From the New York Times: Ignored for Decades, Insect Fossil is Declared World's Oldest. "Scientists say they have discovered the world's oldest known insect fossil — a 400 million-year-old set of minuscule jaws that lay unrecognized for nearly a century in a lonely drawer at the Natural History Museum in London. The findings, being published on Thursday in the journal Nature, pushes the date for the appearance of insects, one of the most successful life forms on earth, some 10 million to 20 million years back in the fossil record. And they suggest that insects were among the first animals to live on land. The authors also argue that these ancient insects flew.

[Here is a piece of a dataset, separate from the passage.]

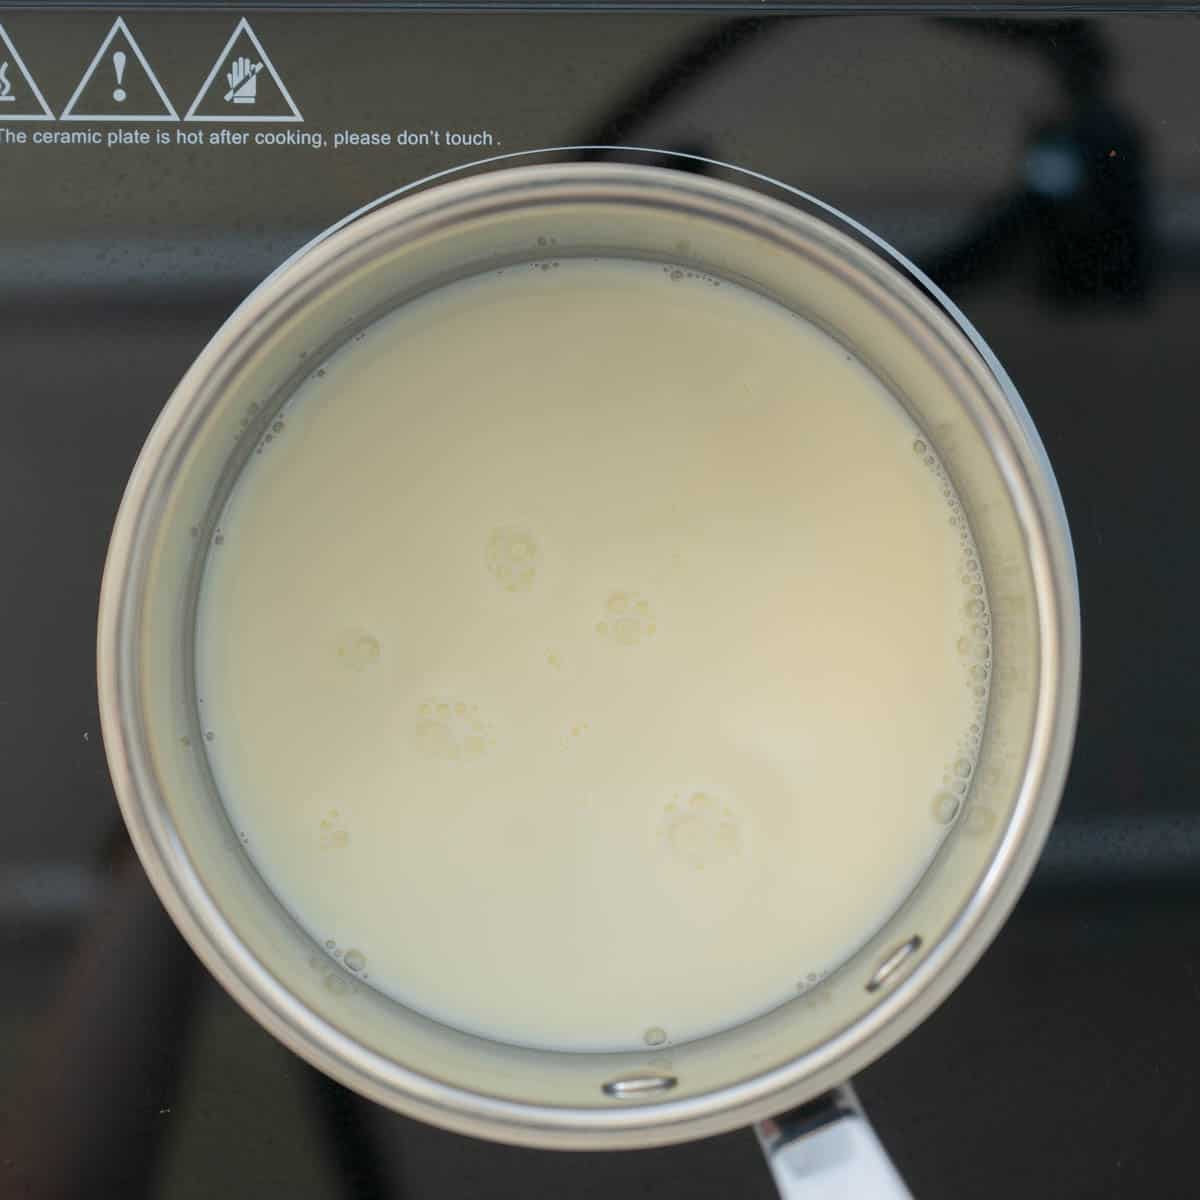 A saucepan of milk heating on a stove top.
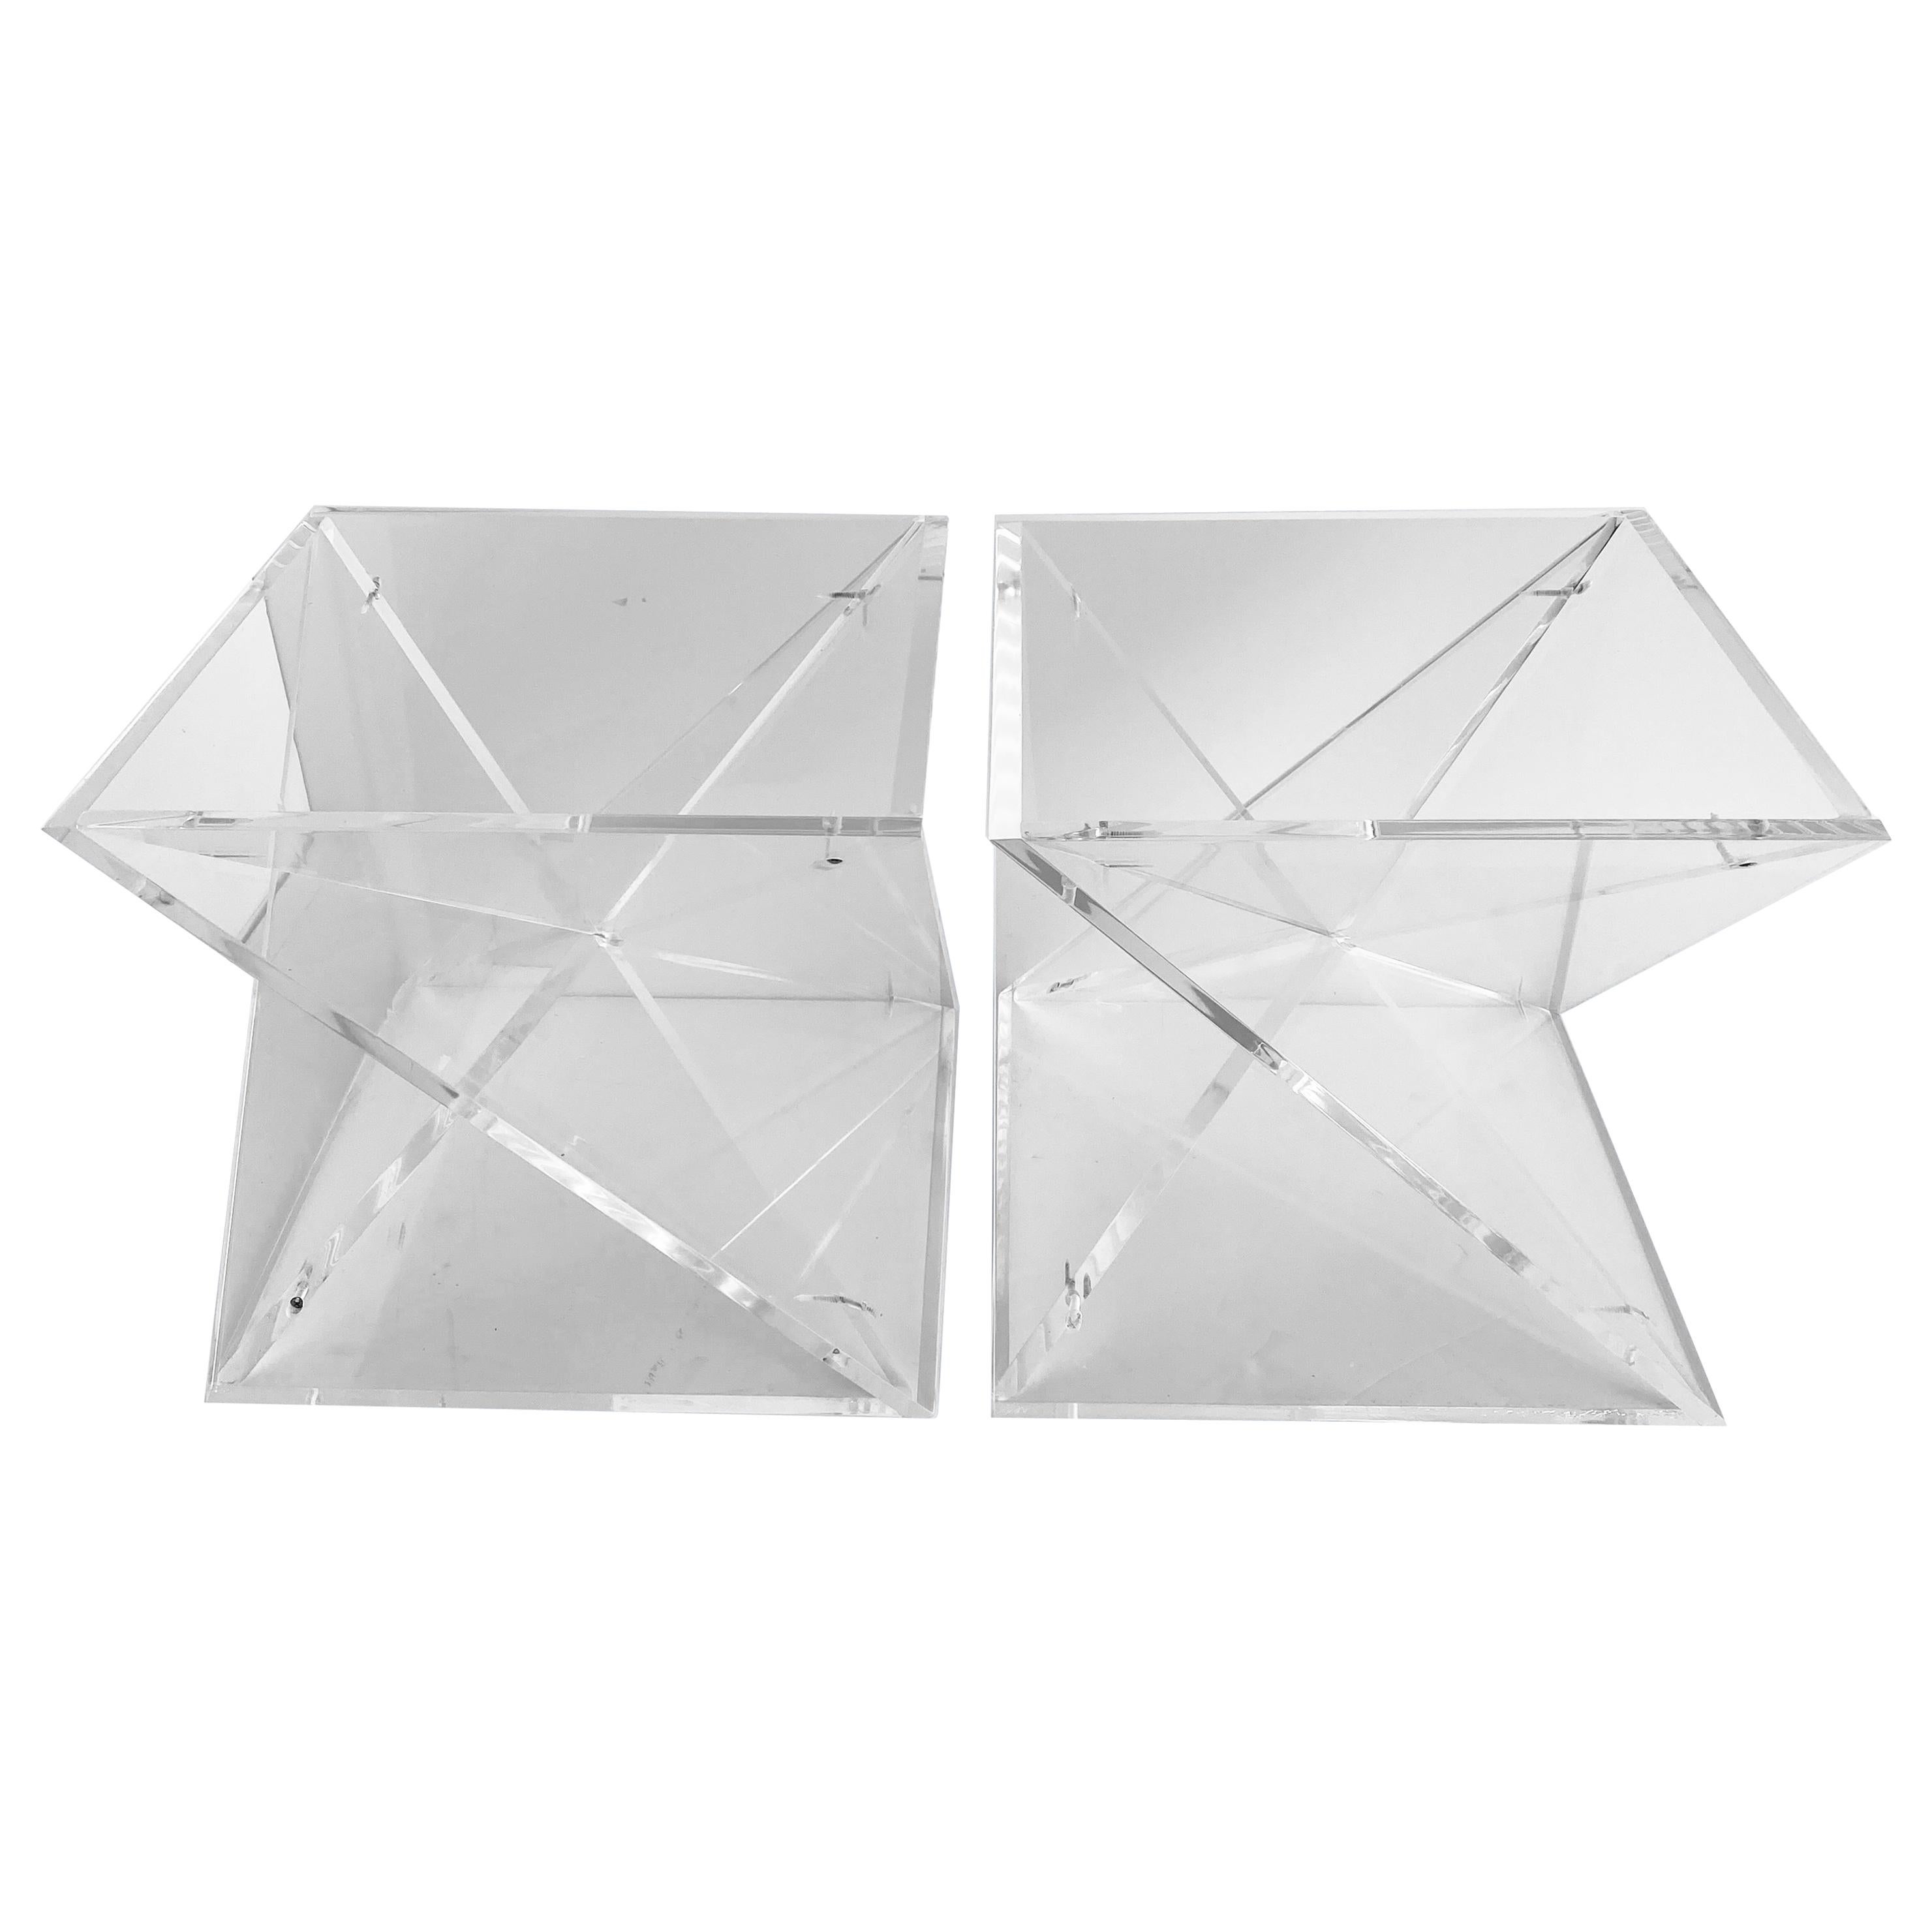 Pair of Small Square Mid-Century Modern Lucite Side Table Bases

If true, that would mean that flight — one of life's most important and vigorously investigated evolutionary innovations — evolved much earlier than suspected, 70 million years before the oldest fossilized insect wing. Scientists say the finding puts insects, already recognized as the earliest animal fliers, up in the air a good 170 million years before anything else, even flying dinosaurs." Wow!

February 10, 2004

From the BBC - Earth 'shook off' ancient warming "UK scientists claim they now know how Earth recovered on its own from a sudden episode of severe global warming at the time of the dinosaurs.... Rock erosion may have leached chemicals into the sea, where they combined with carbon dioxide, causing levels of the greenhouse gas to fall worldwide."